От первого лица... (Рассказы о писателях, книгах и словах) - [43]

Шрифт
Интервал

И тем не менее получилось так, что ро­ман «Жизнь Арсеньева», написанный писа­телем, не помышлявшим о полемике с Ка­мю или Беккетом, оказался одним из тех удивительных сочинений, которые опроки­дывают мрачные построения абсурдистов, и не мудреными рассуждениями, а факта­ми жизни.

Абсурд здесь опровергается как бы по­ходя и тем не менее вполне убеди­тельно.

Изображая трагизм отчуждения, абсур­дисты не пытаются объяснить это отчужде­ние социальными причинами. Противопо­ставляя человека миру, они подчеркивают фатальную отдельность личности. Общест­во для них — нечто безликое, бесформен­ное, не более чем «миллионы одиночек».

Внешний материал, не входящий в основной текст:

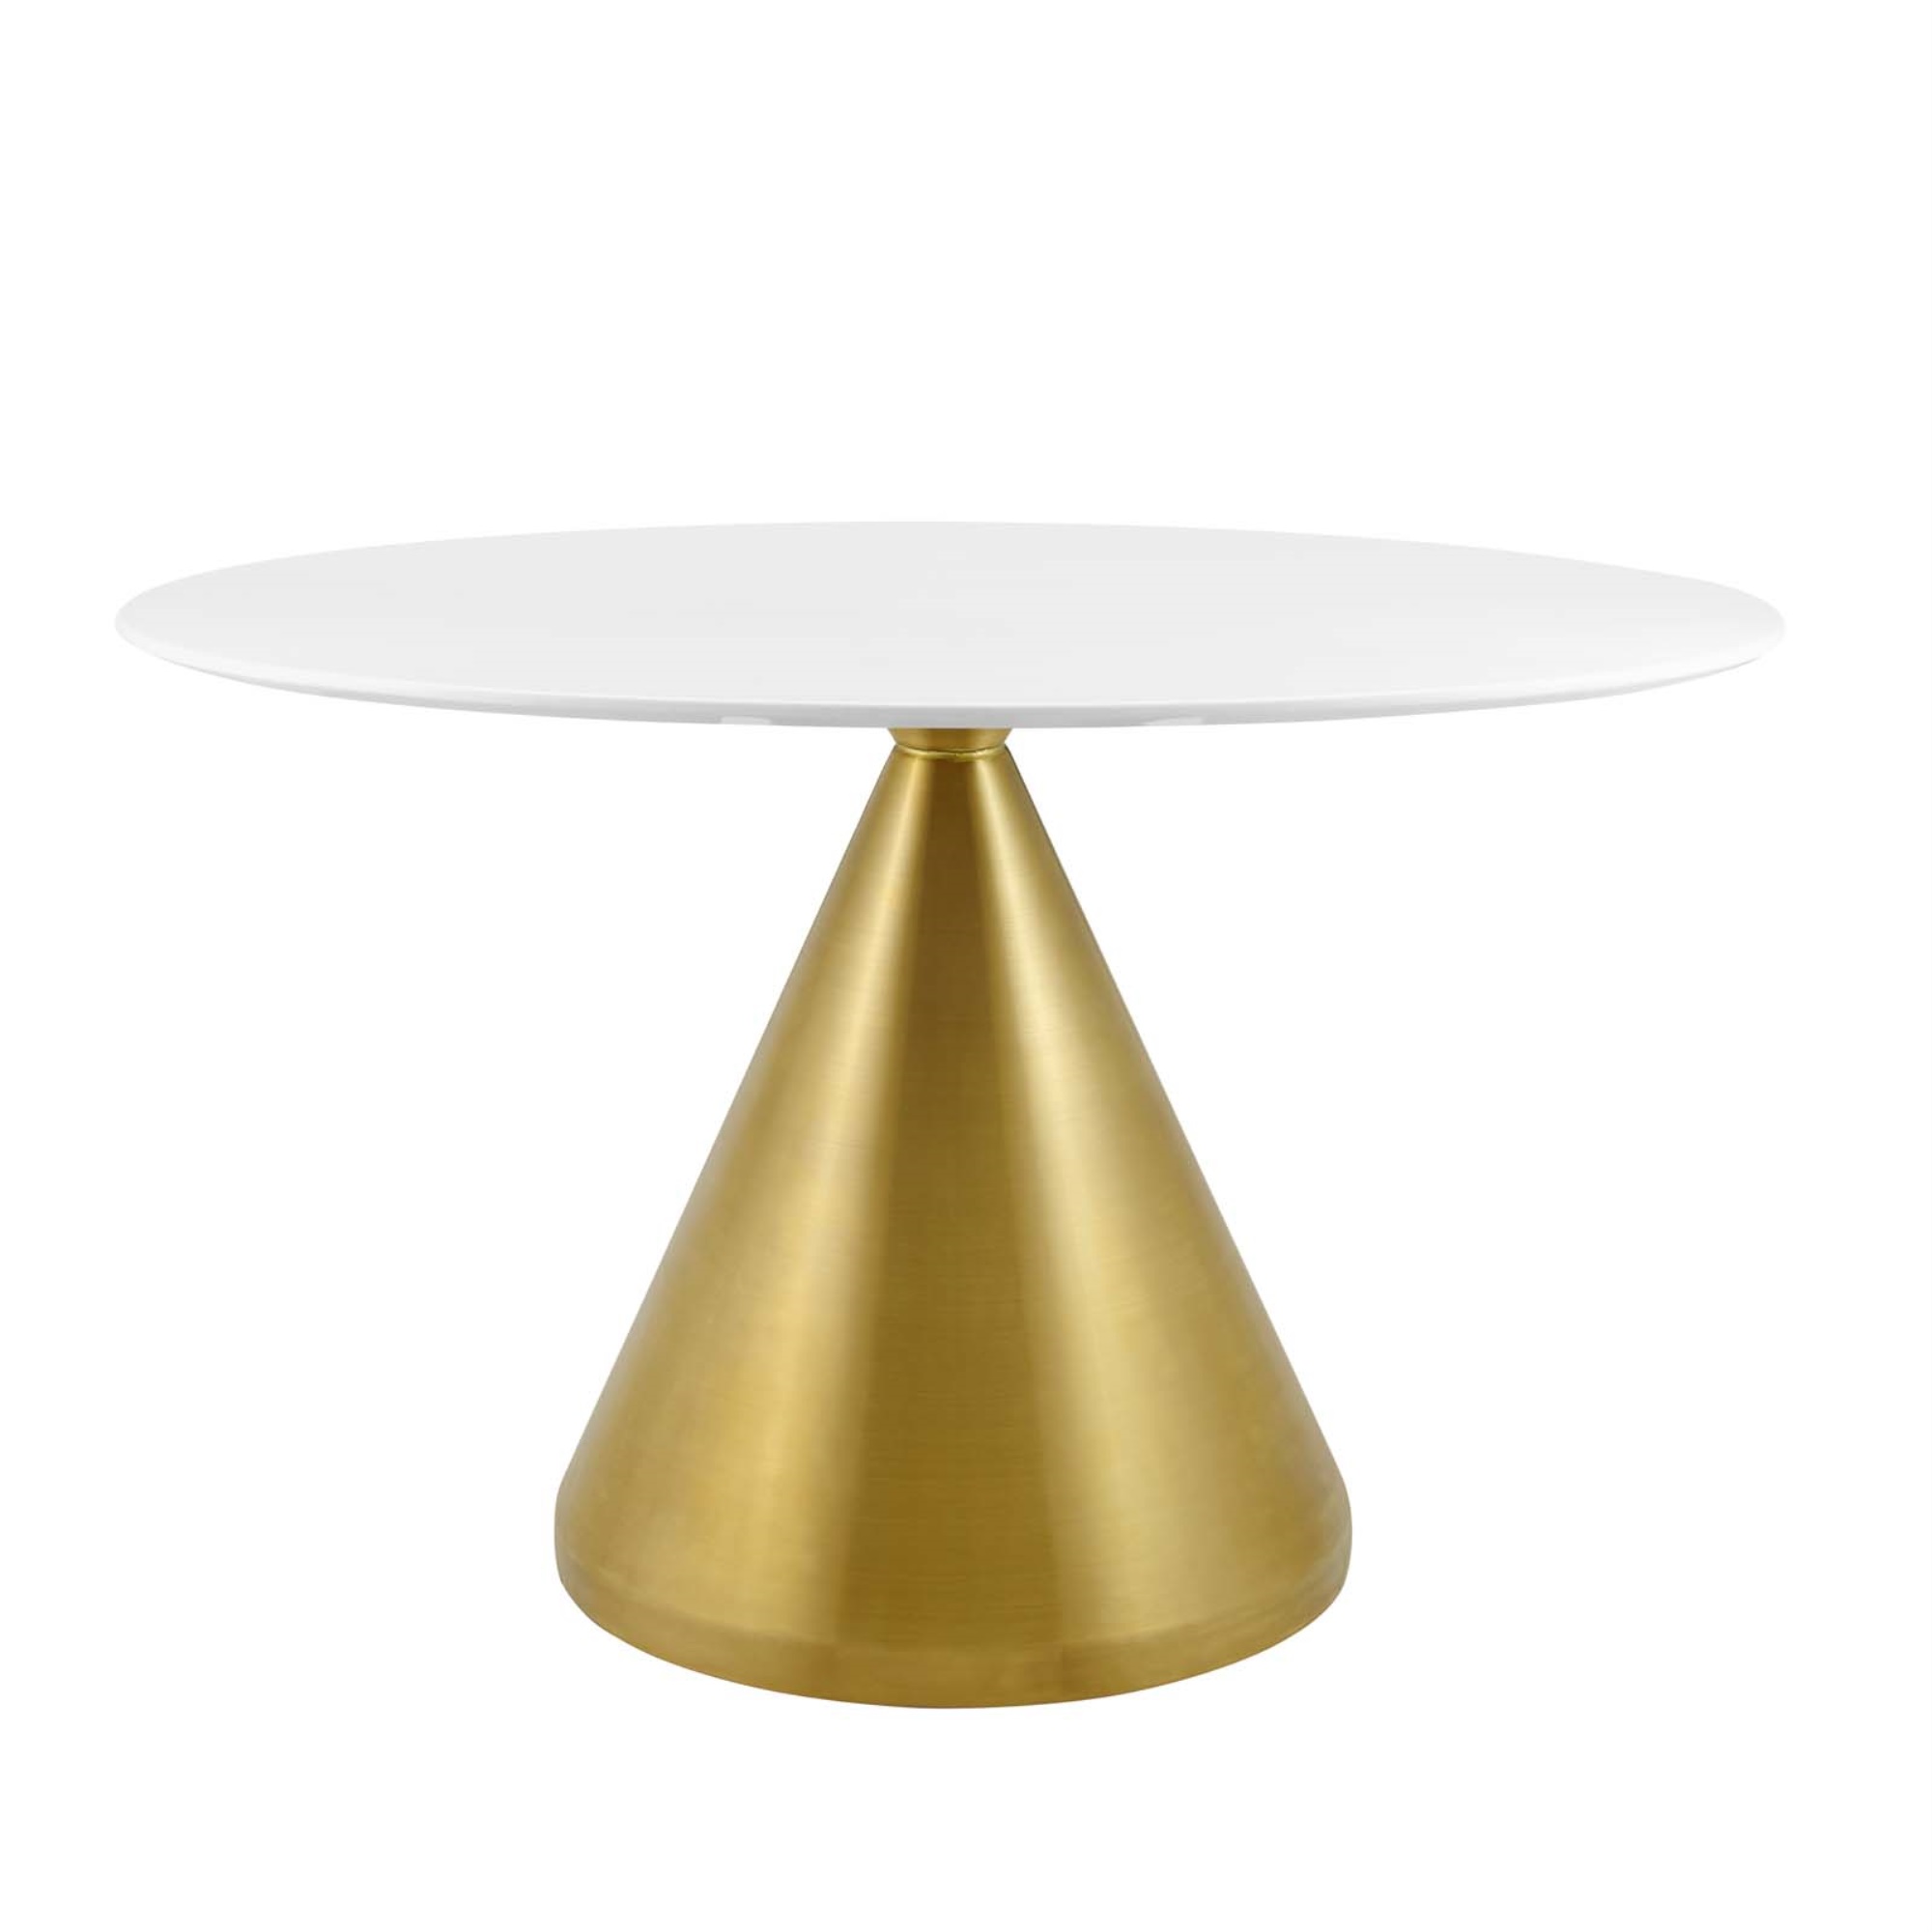 Ergode Tupelo 48" Dining Table - Modern Style, Mid-Century Charm, Polished Gold Metal Base, Easy to Clean, Non-Marking Ring, As

Абсурдист отсекает человека от мира, извлекает его из общественных связей, за­ставляет как бы извне взирать на мир, в котором помимо его воли разыгрываются нелепые трагикомедии.

Бунин изображает и себя и своего Алешу иначе. Алеша воспринимает мир не снару­жи, а изнутри, воспринимает как свой мир. Он не сторонний зритель, а необходимая частица бытия, неотделимая. от его струк­туры и стремительного потока.

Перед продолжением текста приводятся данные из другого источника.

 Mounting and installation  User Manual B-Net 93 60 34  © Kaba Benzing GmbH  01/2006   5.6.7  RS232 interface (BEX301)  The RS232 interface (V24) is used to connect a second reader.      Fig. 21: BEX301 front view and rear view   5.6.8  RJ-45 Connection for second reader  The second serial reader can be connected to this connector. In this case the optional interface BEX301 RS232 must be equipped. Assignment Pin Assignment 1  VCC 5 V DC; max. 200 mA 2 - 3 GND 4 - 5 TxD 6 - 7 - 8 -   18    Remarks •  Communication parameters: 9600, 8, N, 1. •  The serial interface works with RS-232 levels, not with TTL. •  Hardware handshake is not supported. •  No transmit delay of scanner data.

«А поздним вечером, когда сад уже чер­нел за окнами всей своей таинственной ноч­ной чернотой, а я лежал в темной спальне в своей детской кроватке, все глядела на ме­ня в окно, с высоты, какая-то тихая звез­да... Что надо было ей от меня? Что она мне без слов говорила, куда звала, о чем напоминала?»

Во многих других местах романа место­положение Алеши определено с такой же отчетливостью. Алеша — как бы сердцевина вселенной, и бесчисленные нити ее как в фокусе пересекаются в его душе. Он страст­но пускается доказывать Лике, «что нет ни­какой отдельной от нас природы, что каж­дое малейшее движение воздуха есть дви­жение нашей собственной жизни».

Жить в этом мире нелегко. Бунин не скрывает ни безобразия смерти, ни тяже­сти одиночества. Но что бы там ни было, человек соединен с миром родственной связью: «Солнце уже за домом, за садом, пустой, широкий двор в тени, а я (совсем, совсем один в мире) лежу на его зеленой холодеющей траве, глядя в бездонное си­нее небо, как в чьи-то дивные и родные глаза, в отчее лоно свое».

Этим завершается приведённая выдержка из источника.